Yes, I've seen the implementation. 

> Obviously we haven't yet figured out what are peoples' preferences in terms of
> "fill the holes and unshare the shared" vs. "only unshare the shared" vs. "only
> fill the holes".  It isn't that hard to add a FALLOC_FL_UNSHARE_FILL_HOLES flag
> that fills the holes while unsharing is going on.
> 
> Personally I suspect that the most interest is in filling holes and unsharing,
> because they don't want to pay for allocation at a critical stage for anywhere
> in the file.  But I could be wrong, so allowing both goals to be expressed via
> mode allows flexibility.

Exactly.  And a normal falloc should do just that - fill holes and
ensure that we don't need to COW already allocated locks.  So I don't
think we need a new fallocate interface for that.  The question is if we
want a copy interface that gives you the same semantics as if you also
called an fallocate on the destination range.  For that case we'd
usually want to avoid doing the clone and instead do a in-kernel or
hardware assisted copy and then fill the holes with unwritten extents.
--
To unsubscribe from this list: send the line "unsubscribe linux-nfs" in
the body of a message to majordomo@vger.kernel.org
More majordomo info at  http://vger.kernel.org/majordomo-info.html
Darrick J. Wong Oct. 14, 2015, 6:46 p.m. UTC | #6
On Tue, Oct 13, 2015 at 12:29:59AM -0700, Christoph Hellwig wrote:
> On Mon, Oct 12, 2015 at 04:41:06PM -0700, Darrick J. Wong wrote:
> > One of the patches in last week's XFS reflink patchbomb adds FALLOC_FL_UNSHARE
> > flag; at the moment it _only_ forces copy-on-write of shared blocks, and it
> > leaves holes alone.
> 
> Yes, I've seen the implementation. 
> 
> > Obviously we haven't yet figured out what are peoples' preferences in terms of
> > "fill the holes and unshare the shared" vs. "only unshare the shared" vs. "only
> > fill the holes".  It isn't that hard to add a FALLOC_FL_UNSHARE_FILL_HOLES flag
> > that fills the holes while unsharing is going on.
> > 
> > Personally I suspect that the most interest is in filling holes and unsharing,
> > because they don't want to pay for allocation at a critical stage for anywhere
> > in the file.  But I could be wrong, so allowing both goals to be expressed via
> > mode allows flexibility.
> 
> Exactly.  And a normal falloc should do just that - fill holes and
> ensure that we don't need to COW already allocated locks.  So I don't
> think we need a new fallocate interface for that.
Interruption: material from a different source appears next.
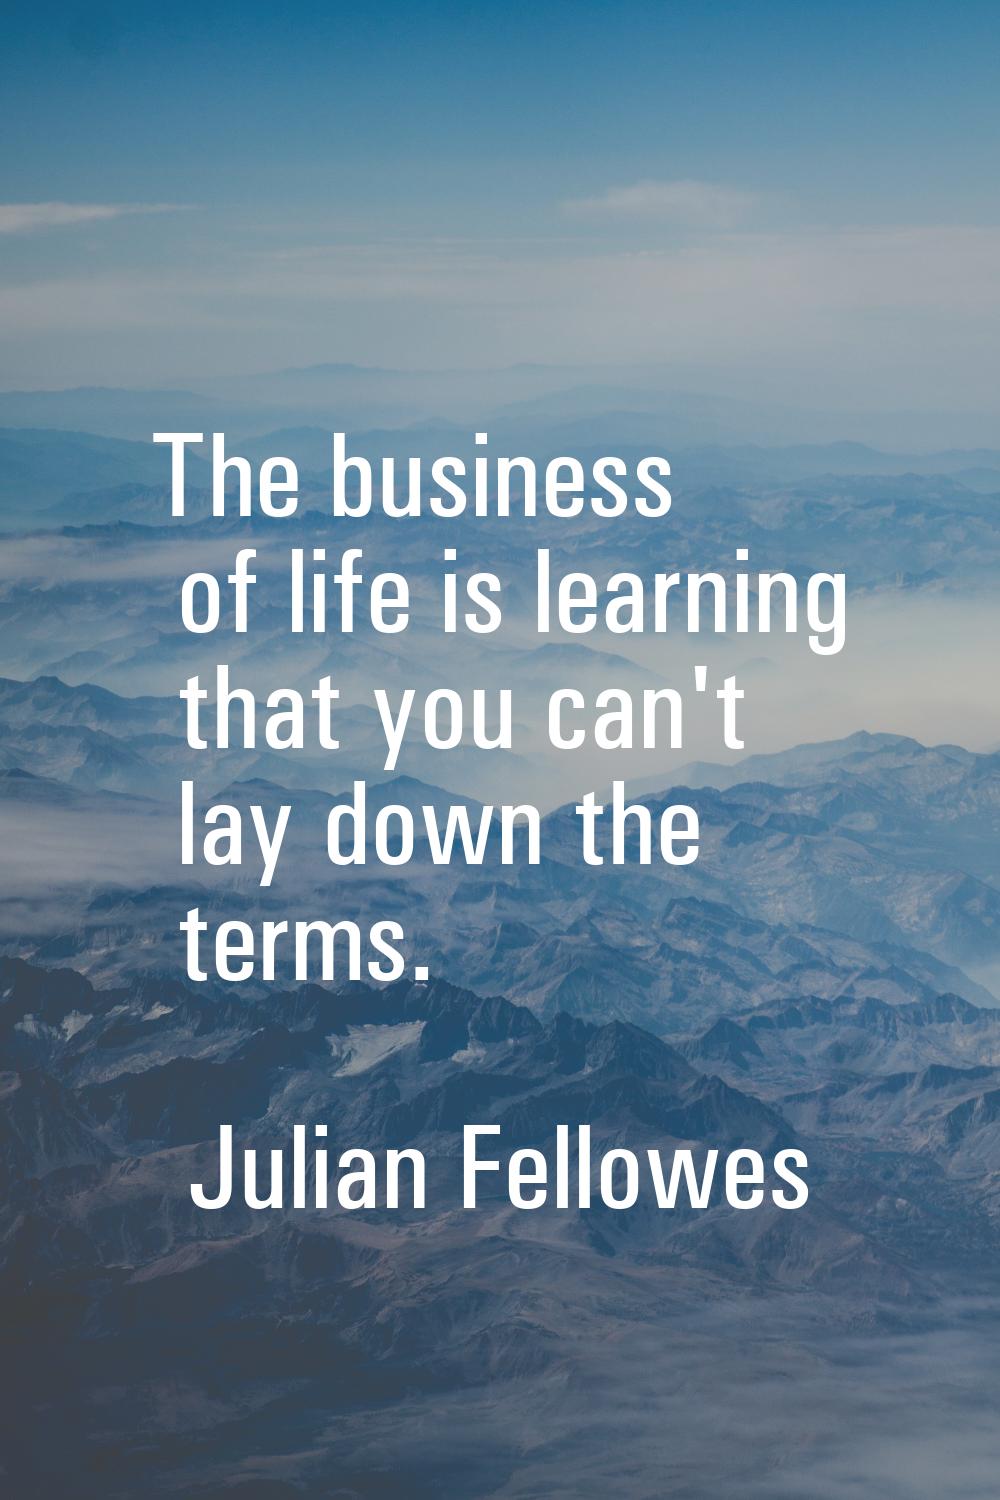 The business of life is learning that you can't lay down the terms.

The documentation for fallocate ought to be updated to include that as part of
guaranteeing that subsequent writes to the range won't fail due to ENOSPC,
shared blocks will be unshared.

Incidentally, btrfs leaves shared blocks alone.  OTOH, given that it's totally
COW it probably doesn't make sense to unshare blocks anyway... but maybe I
also don't want to dive into btrfs f-allocation behavior at this time. :)

Ok, so I'll rework the XFS funshare code into something that hangs off the
regular fallocate call, and get rid of the explicit 'funshare' bits.

> The question is if we
> want a copy interface that gives you the same semantics as if you also
> called an fallocate on the destination range.  For that case we'd
> usually want to avoid doing the clone and instead do a in-kernel or
> hardware assisted copy and then fill the holes with unwritten extents.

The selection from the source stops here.